SUPPLIED DATA =
+-------+

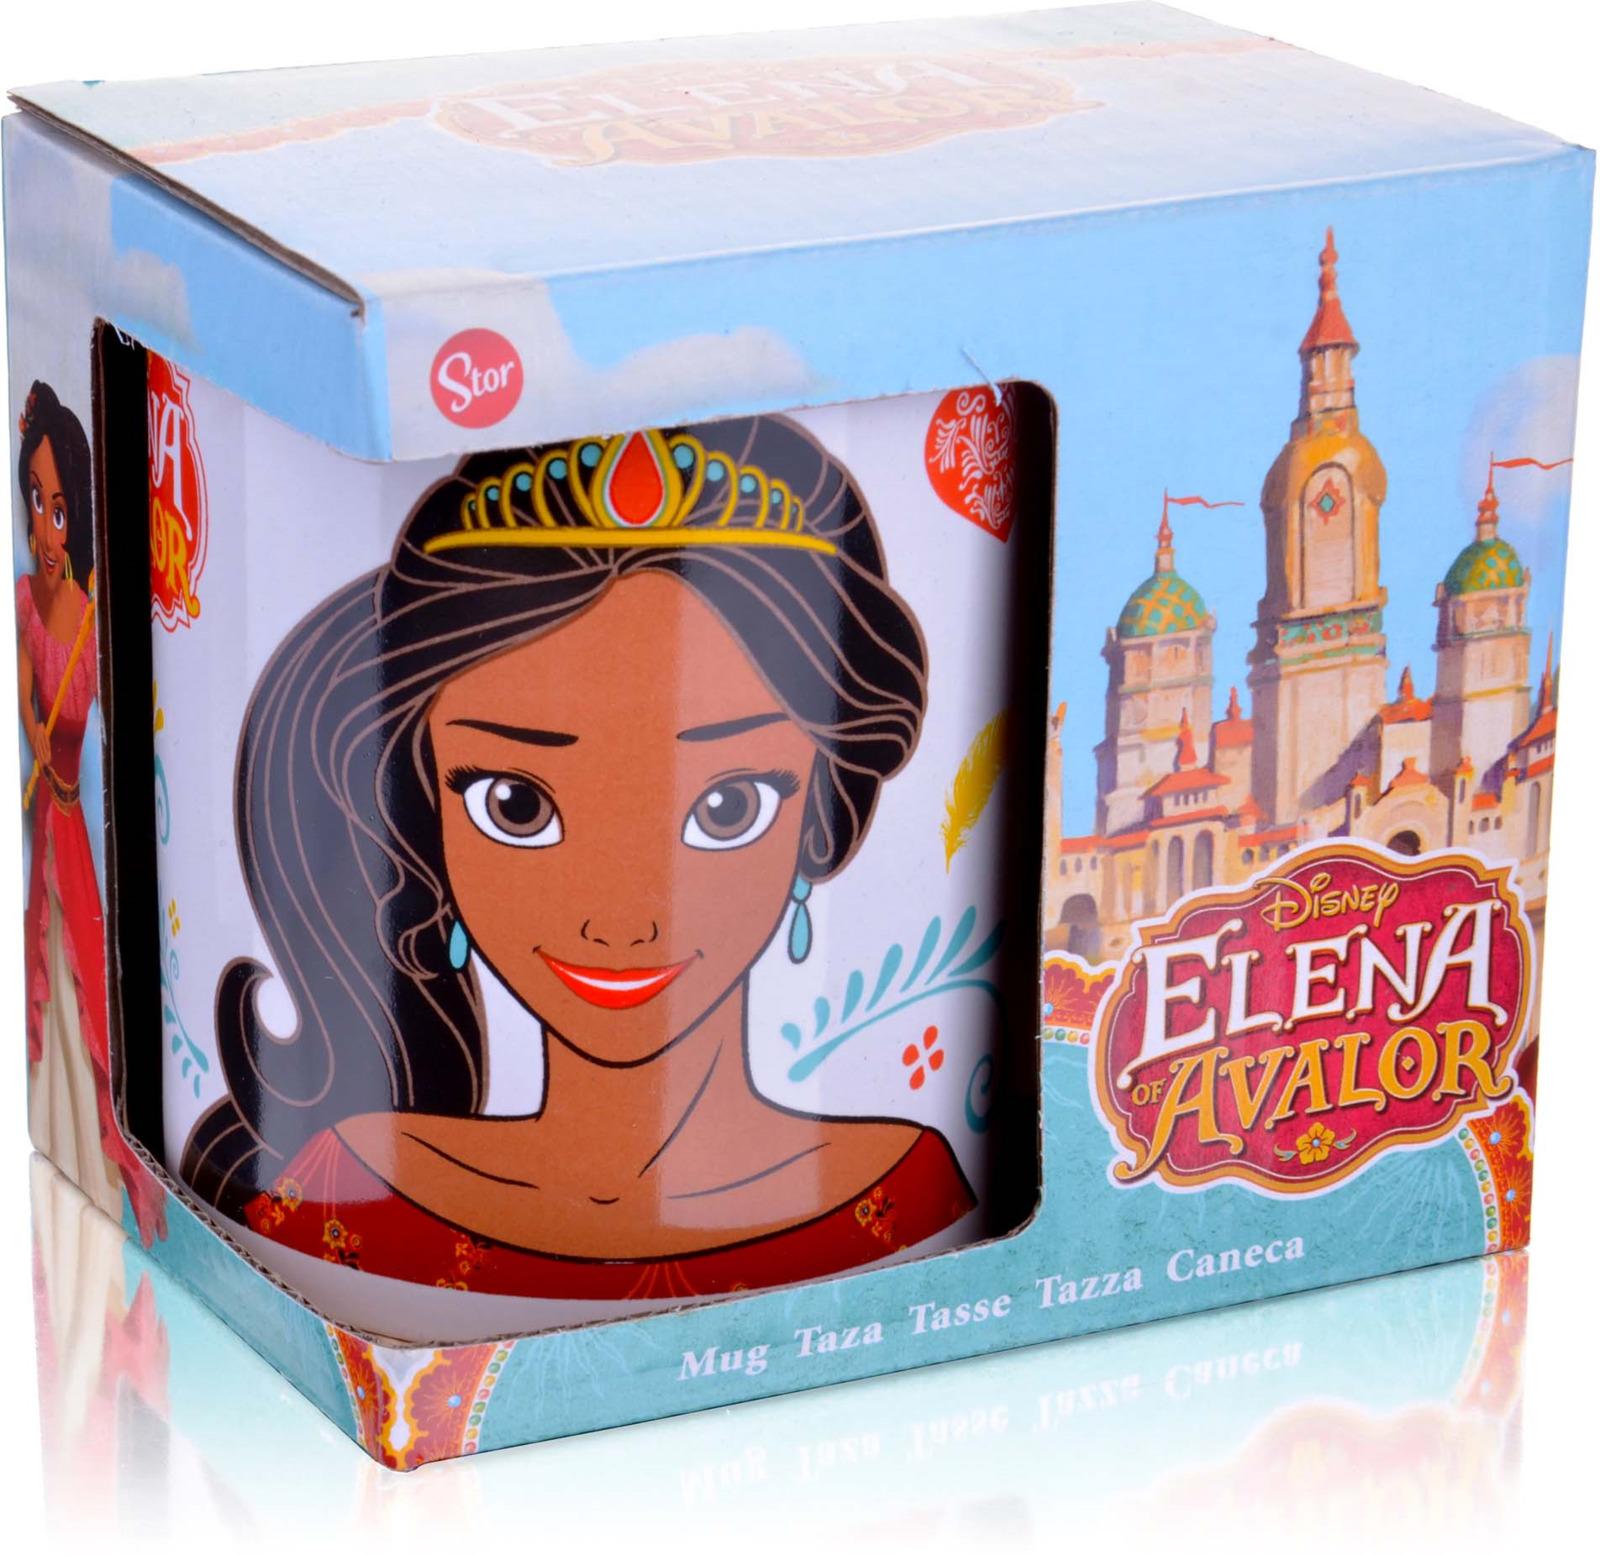 Кружка Disney, выполненный из высококачественной керамики и декорированы красочным рисунком. Такая кружка обязательно понравится вашему ребенку, потому что теперь у него будет своя собственная посуда с изображением героев популярных мультиков. Кружка Disney - идеальный подарок для вашего ребенка. Кружка упакована в красочную, подарочную упаковку. Подходит для мытья в посудомоечной машине.
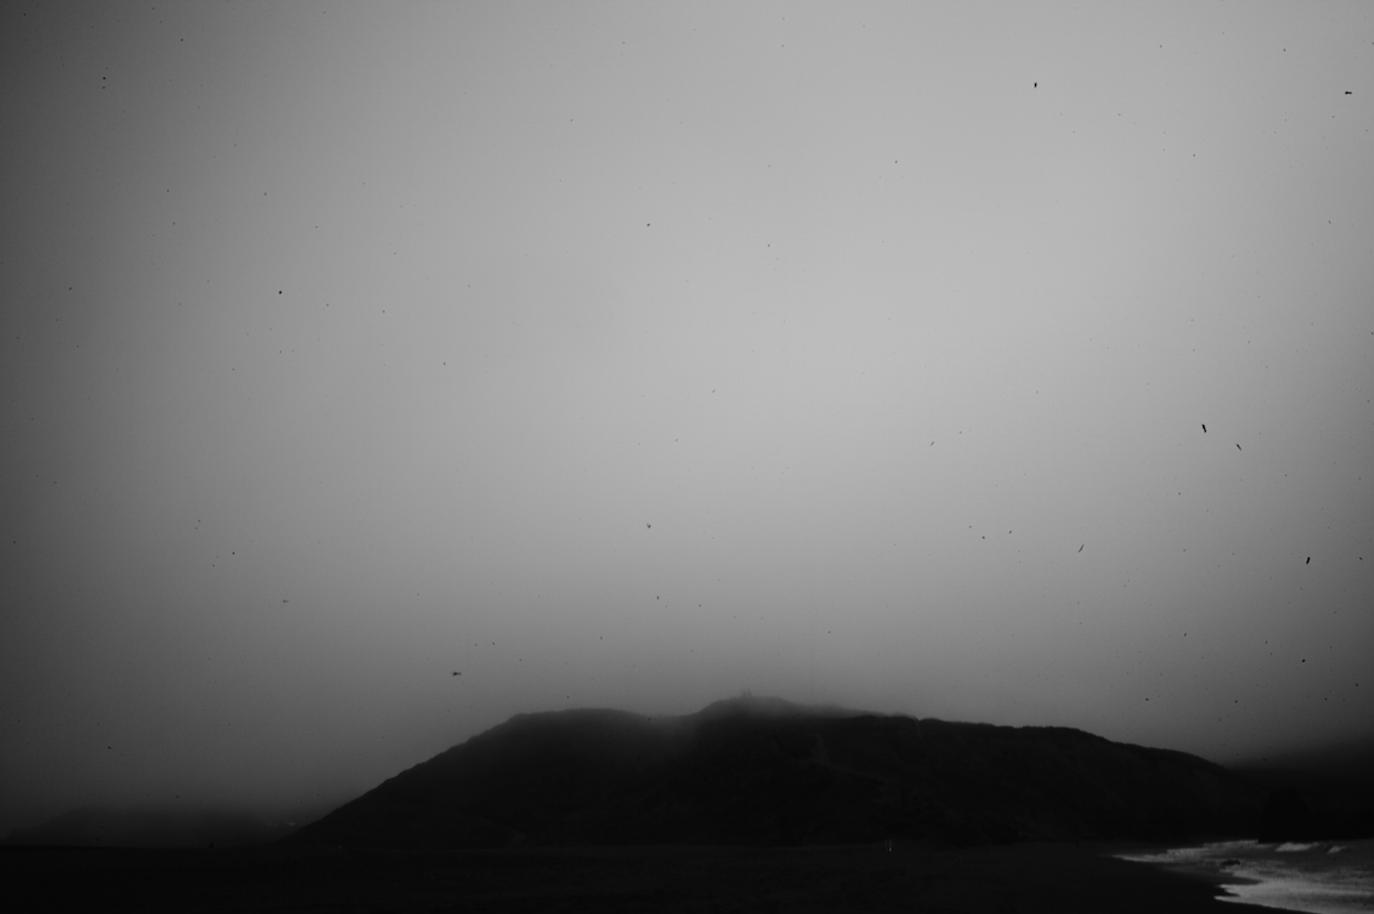 Screen Shot 2014-11-23 at 6.20.12 PM.png
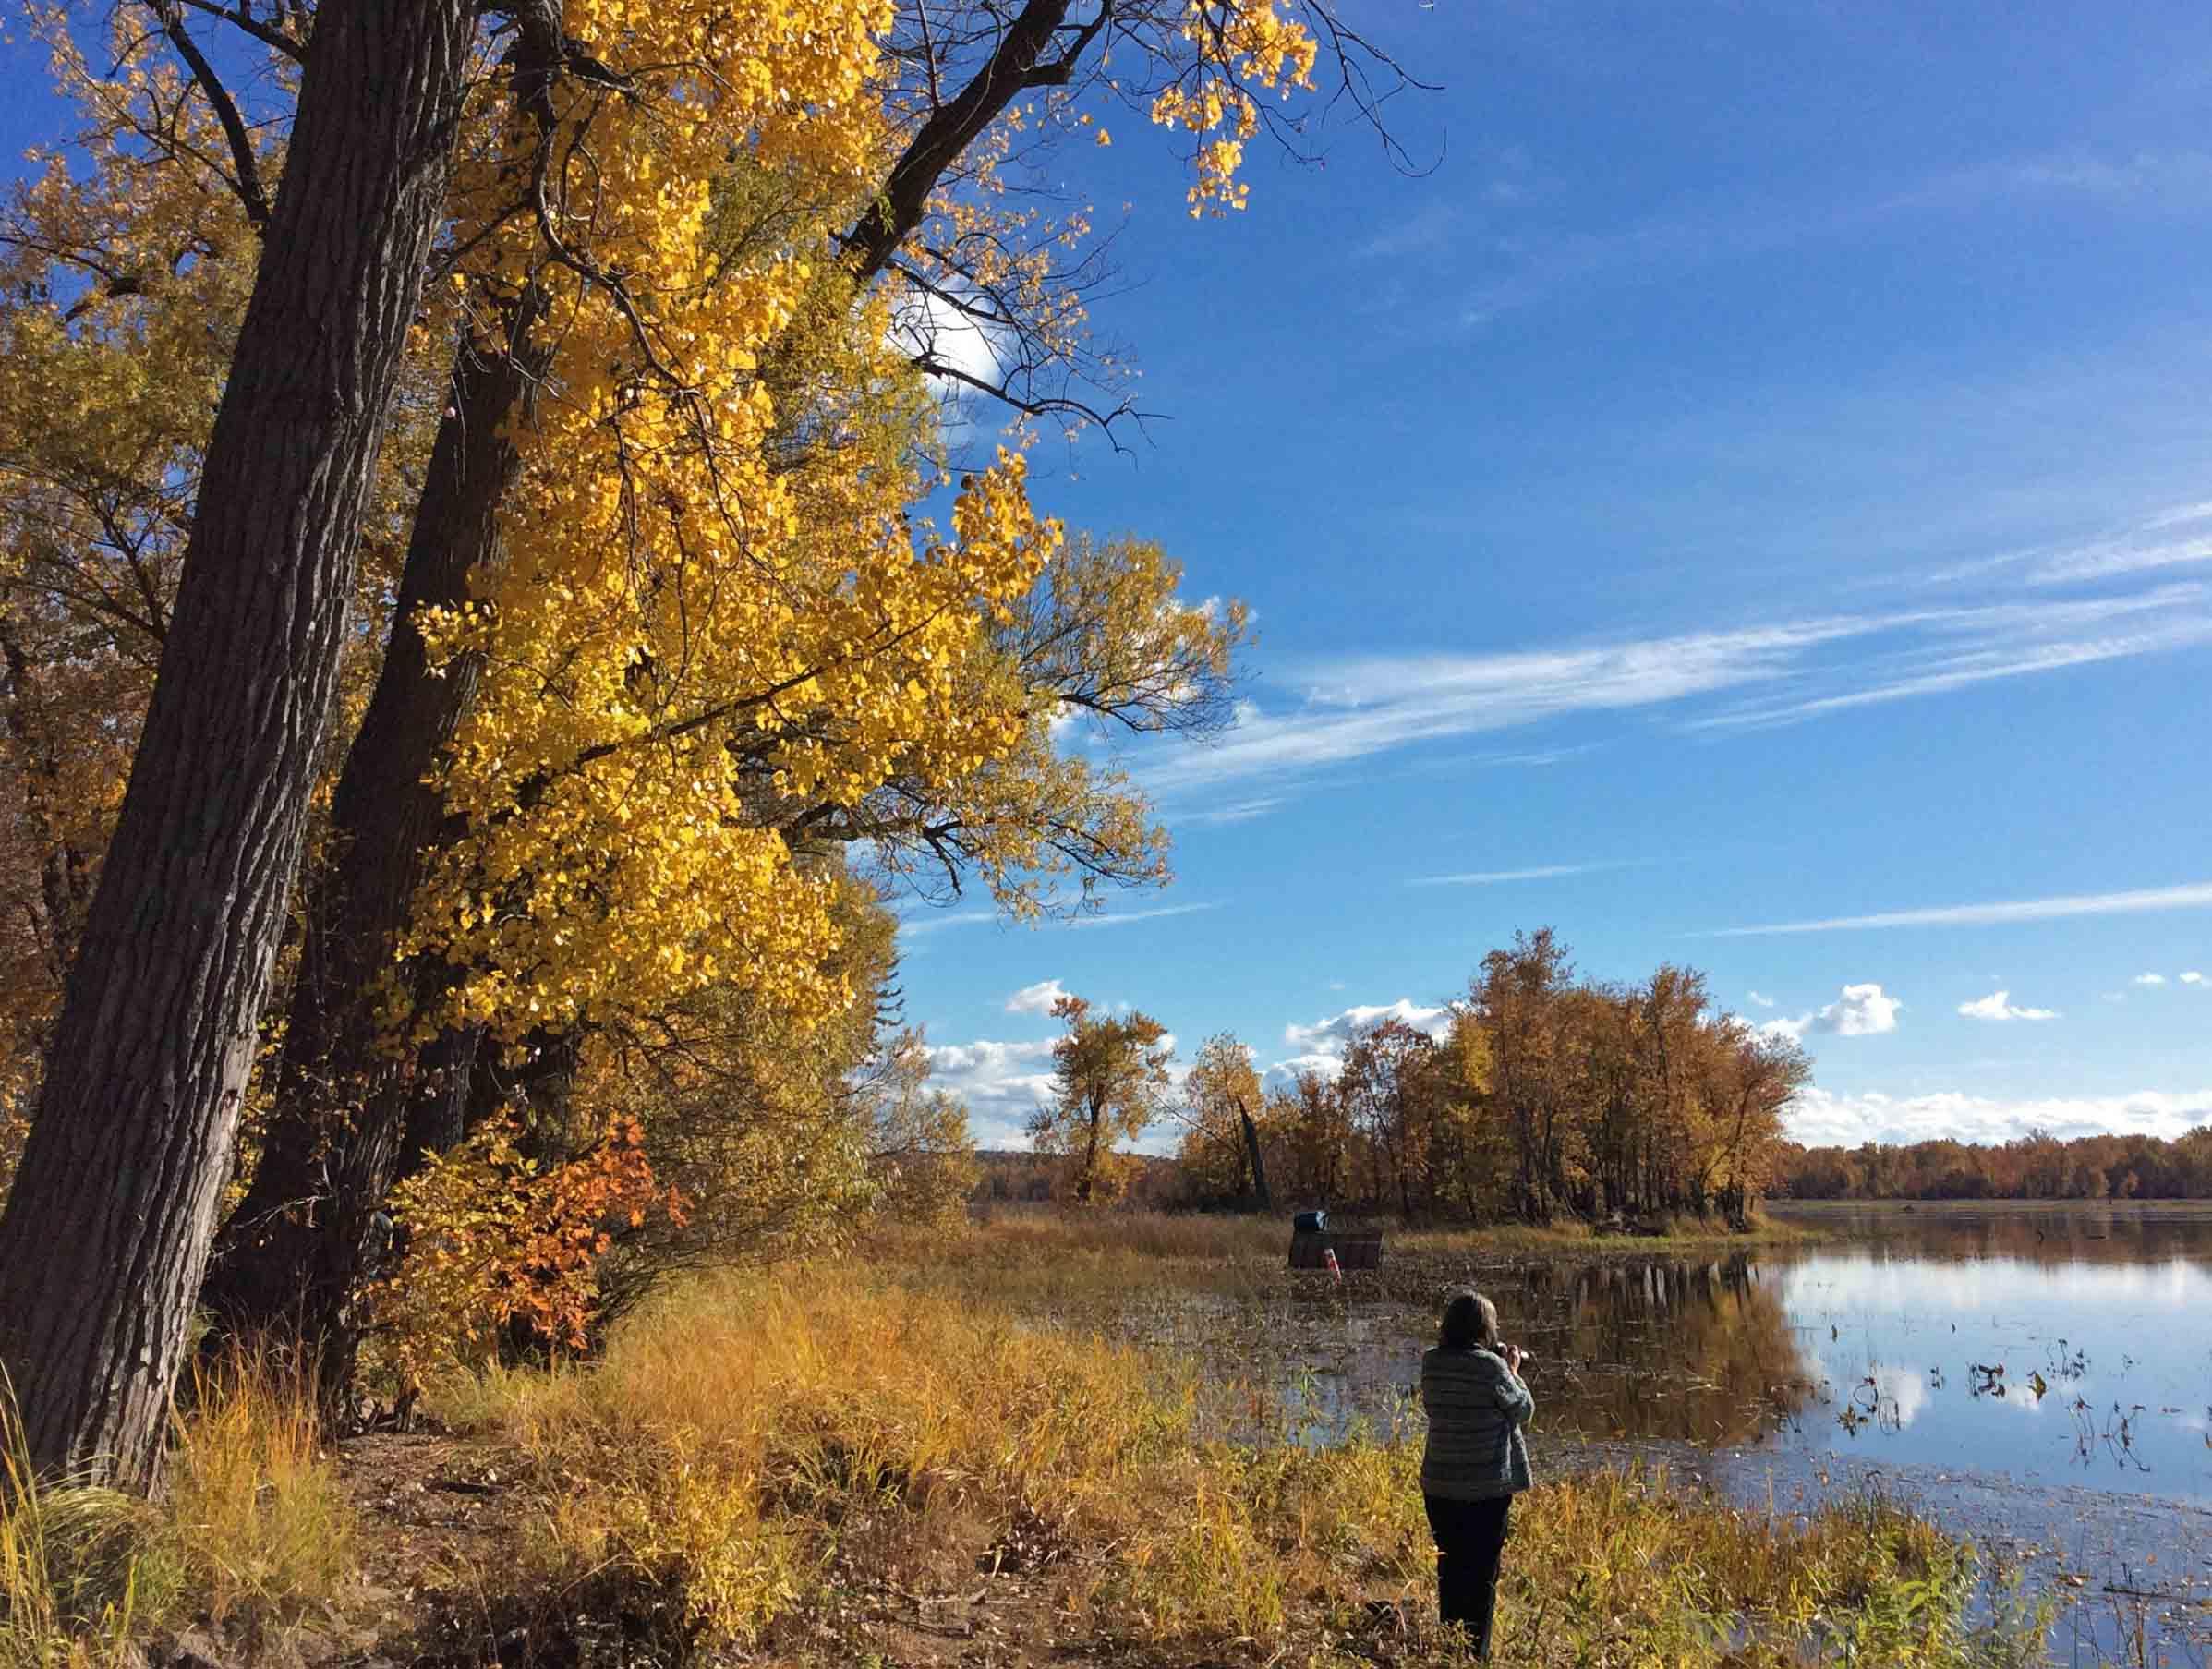 Merridy-LakeChamplain marsh

+-------+

Write out only the lines from the line containing "Screen Shot 2014-11-23 at 6.20.12 PM.png" through the end of the material above, both end lines included. Pictures are not written out.

 Screen Shot 2014-11-23 at 6.20.12 PM.png
 Merridy-LakeChamplain marsh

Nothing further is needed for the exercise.